By Karen Pihl-Carey

Staff Writer

Agouron Pharmaceuticals Inc. and The Immune Response Corp. (IRC) initiated a pivotal trial of Remune (HIV-1 immunogen) in combination with highly active antiretroviral therapy (HAART) to treat HIV infection.

Clinical studies suggest that when combination antiviral drug therapy is accompanied by injections once every three months of Remune, it results in improvements in immunologic markers and virologic markers of the response to HIV.

"Our corporate partner, Agouron, is enthusiastic about the therapy and its potential," said a spokesman for IRC, of Carlsbad, Calif. "That's why they're carrying it forward. The Immune Response Corp. believes in this product and is encouraged and happy that our partner is going forward. We're encouraged that the trial is taking place as soon as it is."

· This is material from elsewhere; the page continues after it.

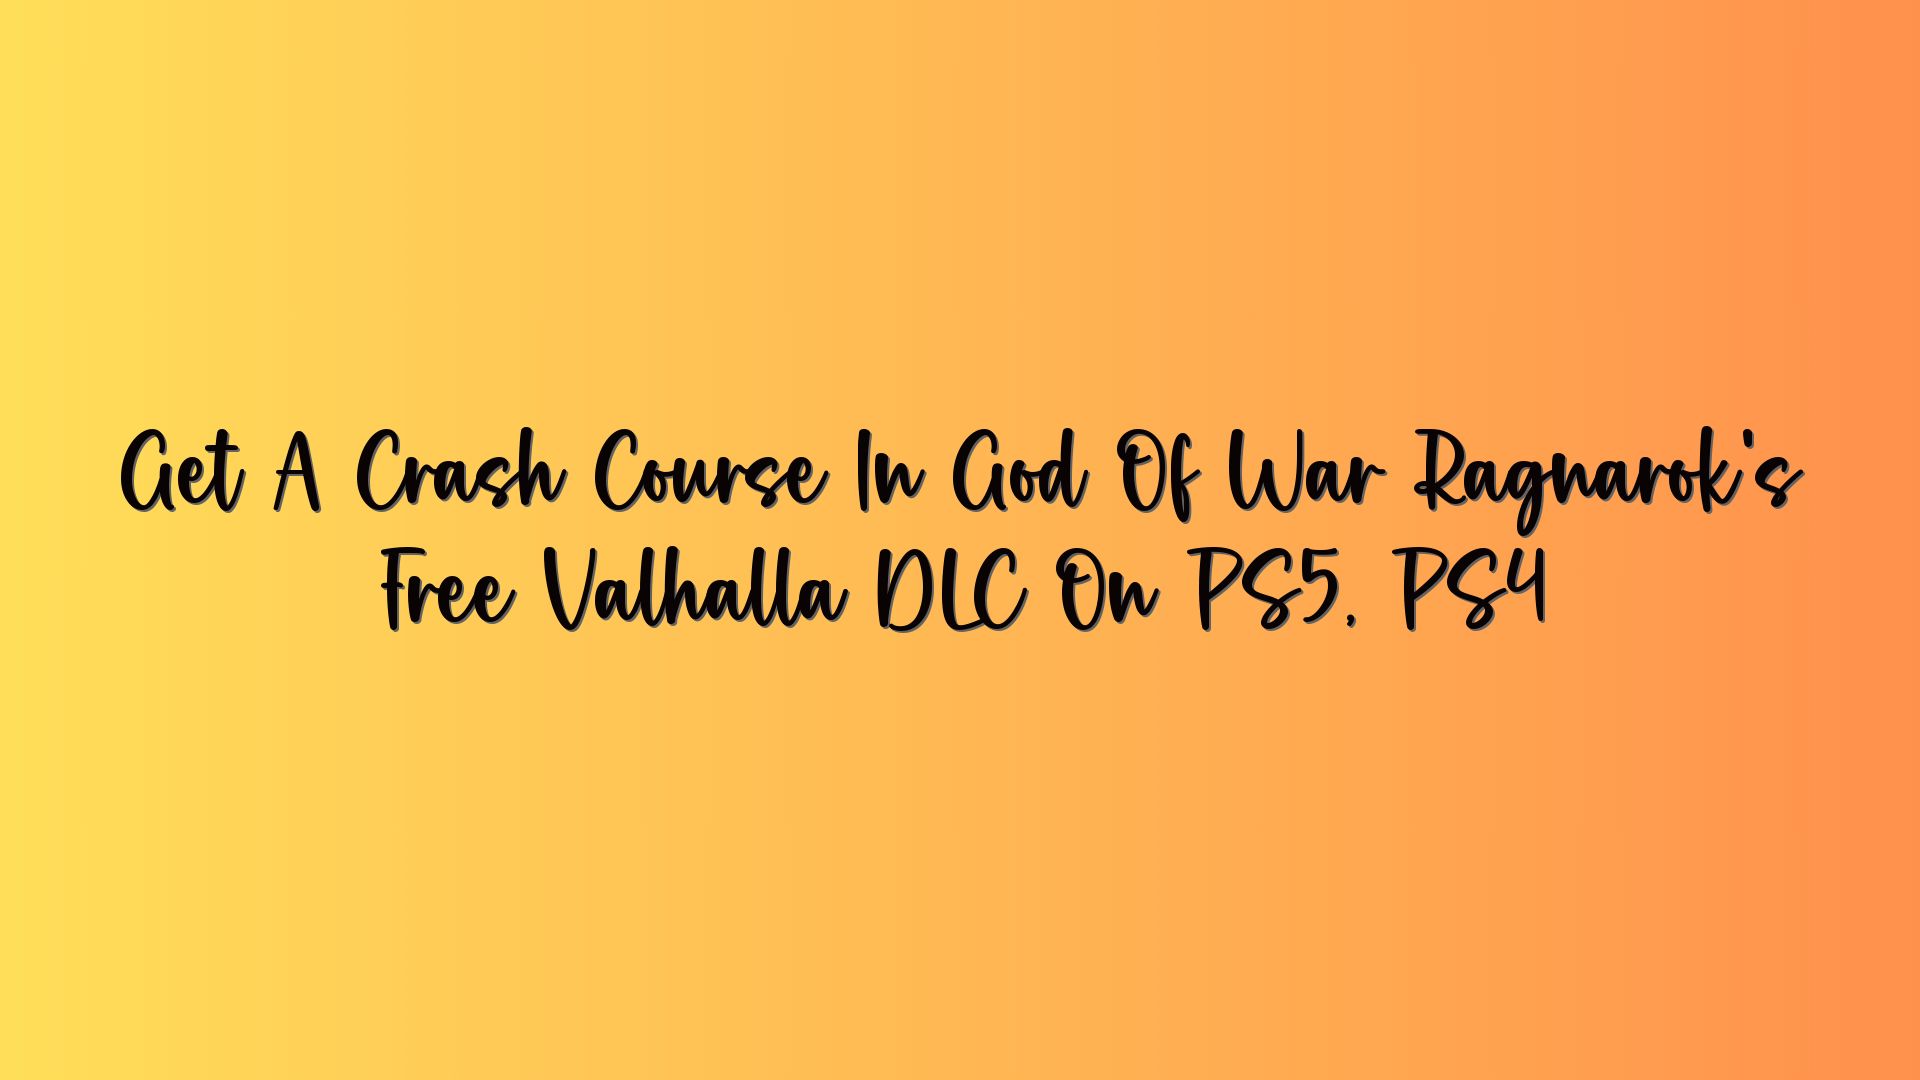 Get A Crash Course In God Of War Ragnarok’s Free Valhalla DLC On PS5, PS4

In the pivotal trial, a randomized, double-blind study, researchers hope to determine whether the addition of Remune to a HAART regimen of Viracept (nelfinavir mesylate) and Combivir delays the time to virologic failure.

"We'll have approximately 700 patients that will accrue in this trial and they will all be on Viracept plus Combivir," said Joy Schmitt, a spokeswoman for Agouron, of La Jolla, Calif. After eight weeks, patients who achieve plasma HIV-1 RNA levels less than or equal to 2,000 copies will then receive injections of either Remune or placebo.

"It's basically going to look at the differences in terms of duration of the response below the level of detection," Schmitt told BioWorld Today.

Remune is an inactivated form of HIV lacking its envelope that is combined with a mineral oil-based adjuvant. It is designed to stimulate a patient's immune defenses to keep the virus in check.

The pivotal trial will last 48 weeks and be conducted at sites in North America Europe and Australia. Eligible HIV-infected patients must have plasma HIV-1 RNA levels of greater than or equal to 10,000 copies and no previous exposure to antiretroviral therapy.

Just four months ago, a Phase III trial of Remune was halted upon recommendation of a data safety monitoring board. The 2,500-patient, placebo-controlled study tracked the ability of Remune to slow disease progression by tracking the clinical endpoints of a diagnosis of AIDS or death. (See BioWorld Today, May 18, 1999, p. 1.)

"The endpoints we were looking at were no longer the standard of which we needed to be judged," the IRC spokesman said. "Now the standard is viral load. Can Remune have an impact, a significant impact, on viral load?"

In January, Warner-Lambert Co., of Morris Plains, N.J., purchased Agouron for $2.1 billion, just six months after Immune Response and Agouron signed a $77 million pact to develop Remune. (See BioWorld Today, Jan. 27, 1999, p. 1; and June 12, 1998, p. 1.)